The River Tas
The River Tas, which rises
two miles east of New Buckenham and then flows northwards for about 20 miles
before joining the River Yare at Trowse, has had a number of different
spellings over the years. These have included the Tass, Taas, Tase, Taese, Tees
and Taus. However, whilst it has given its name to the surrounding area, the
Tas Valley, there is still a debate as to whether the river took its name from
the village of Tasburgh or whether its name predated the village whose name it
took, as the fortified settlement on the Tas. Either way the river has been an
important influence on the history and development of the village. Indeed
without the river and its valley the settlement pattern would have been
different and there would have been no hill fort enclosure.
With minor diversions, the Tas marks the north western boundary of the parish, with its tributary from Hempnall forming the south western boundary, but those diversions arose for particular reasons and are of historical interest. Working from north to south, the first variation was probably made after the old village of Rainthorpe had been abandoned in the 14th century. A new Rainthorpe Hall was built on the bank of the river but on the other side from Tasburgh and the parish boundary was moved so as to include the hall as part of the village. However when the hall burned down in about 1500, there was no further adjustment made for its replacement, the present Rainthorpe Hall, which is therefore part of the parish of Flordon. The second variation is where the Hempnall stream joins the main river coming in from Tharston. The parish boundary has been extended across the river to enclose an area of higher ground commanding that junction and it was there that the Lord of the Manor had his house and adjoining chapel of St Michael in the 13th century and probably before then. It is thought that when house and chapel were abandoned, a new Manor house was built on the higher ground to the south of the junction of Low Road and Hapton Road because another boundary adjustment includes Hall Farm and the field behind which is then joined in to the parish by a narrow strip of land which crosses the meadow opposite Tasburgh Hall front gates. The fourth variation which may have been made as late as the 1780s means that instead of the boundary following the line of the Hempnall stream to the north of Tasburgh Hall, it diverts and runs across the south front of the building, in the same way as there was an alteration to include the former Rainthorpe Hall. However the result is that most of the garden of Tasburgh Hall lies in Tharston!
At the parish boundary, the river has three road crossings, the main A140 Ipswich road bridge, the ford and footbridge by Tasburgh Hall and the Flordon Road bridge. There used to be a fourth crossing by ford and footbridge where a track led down from Taas Ford on Low Road and on to Hapton Hall but this has now disappeared. By 1850 the Flordon Road crossing was inadequate to take the increase in traffic arising from the opening of Flordon railway station and the following invitation appeared in the Ipswich Journal on 9th November that year : -
NOTICE TO CONTRACTORS
A NEW BRIDGE is about to be erected over the Tees, at Tasburgh Fordway, near Flordon, for which Tenders are required. Plans and Specifications may be seen at the Railway Station, Flordon, or at the Office of Mr Peter Bruff, Civil Engineer, Ipswich, of whom further particulars may be obtained.
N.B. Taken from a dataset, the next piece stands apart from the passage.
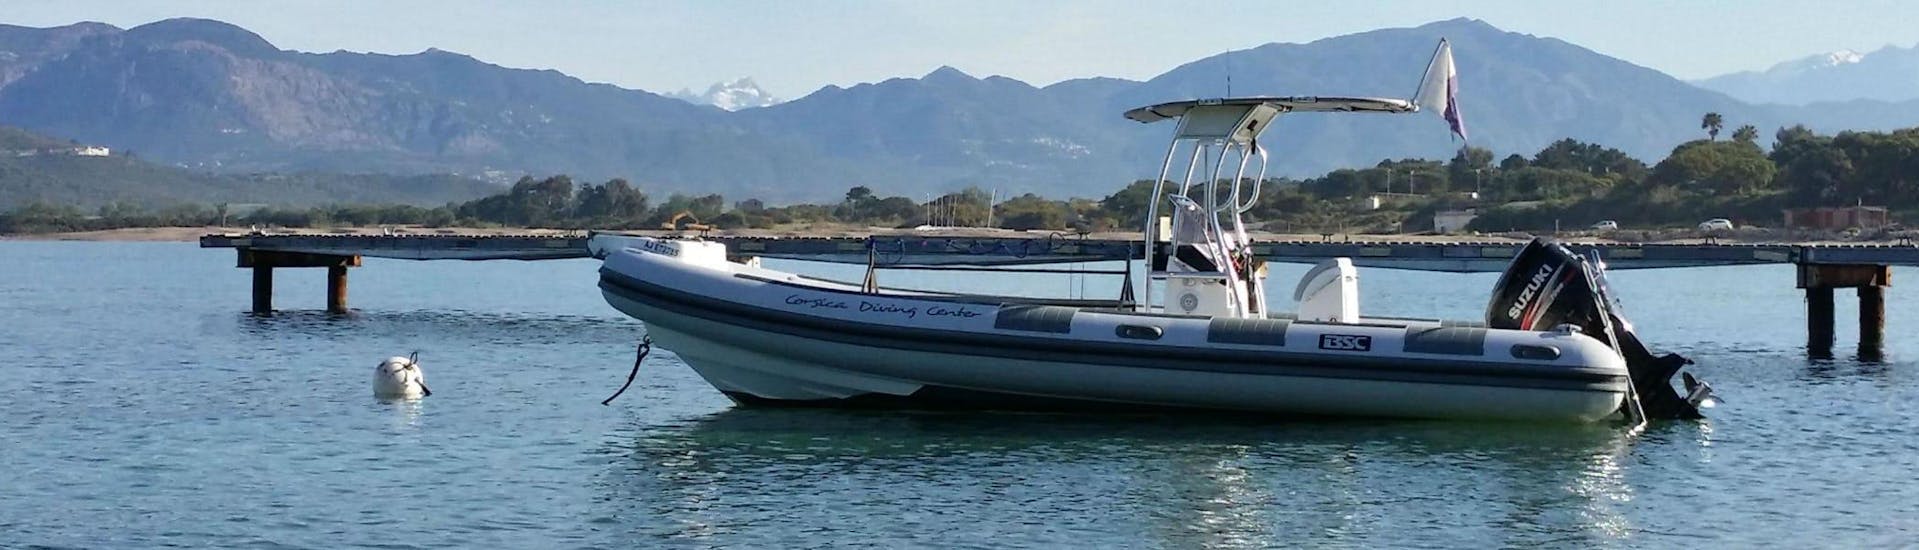 Photo du bateau utilisé pendant le Baptême de Plongée dans le golfe d'Ajaccio pour Débutants avec Maeva Plongée.

The wording would suggest that the Flordon Road river crossing was at the time also just a ford and possibly a footbridge, but the resulting stone bridge has withstood a number of floods since then, not least that which badly so affected Norwich and the south of the county after seven inches of rain fell in August 1912 which severely damaged Tasburgh Mill and nearly destroyed the bridge in Newton Flotman. Further widespread flooding occurred after the harsh winter of 1947 and again in September 1968 when it became possible to launch a sailing dinghy from the driveway of Tasburgh Grange Since then the river has continued to flood occasionally, the last time being on Christmas Eve 2020 when the water entered houses on Flordon Road.
Originally the Tas would have been navigable at least as far as the village but the construction of several water mills down-stream removed that possibility in the middle ages. The Domesday Book refers to there being a mill at Tasburgh, so there could well have been one here before the arrival of the Normans, but the parish boundary following the old line of the river across the water meadows off Flordon Road, shows that it is unlikely to have been on the site of the current building, whose mill leat and stream are large alterations to the river made after the line of Flordon Road had been established.
The river and its valley influenced not only the road pattern of the village but also its farms and farming as detailed in the relevant sections of this site, and have resulted the area being given some protection in local development plans. Although there has been some infilling and small scale development it seems unlikely that the flood plain will ever be built on and despite the increase in traffic both Low Road and Saxlingham Lane remain essentially as they were when the Tithe Apportionment map was produced in 1840.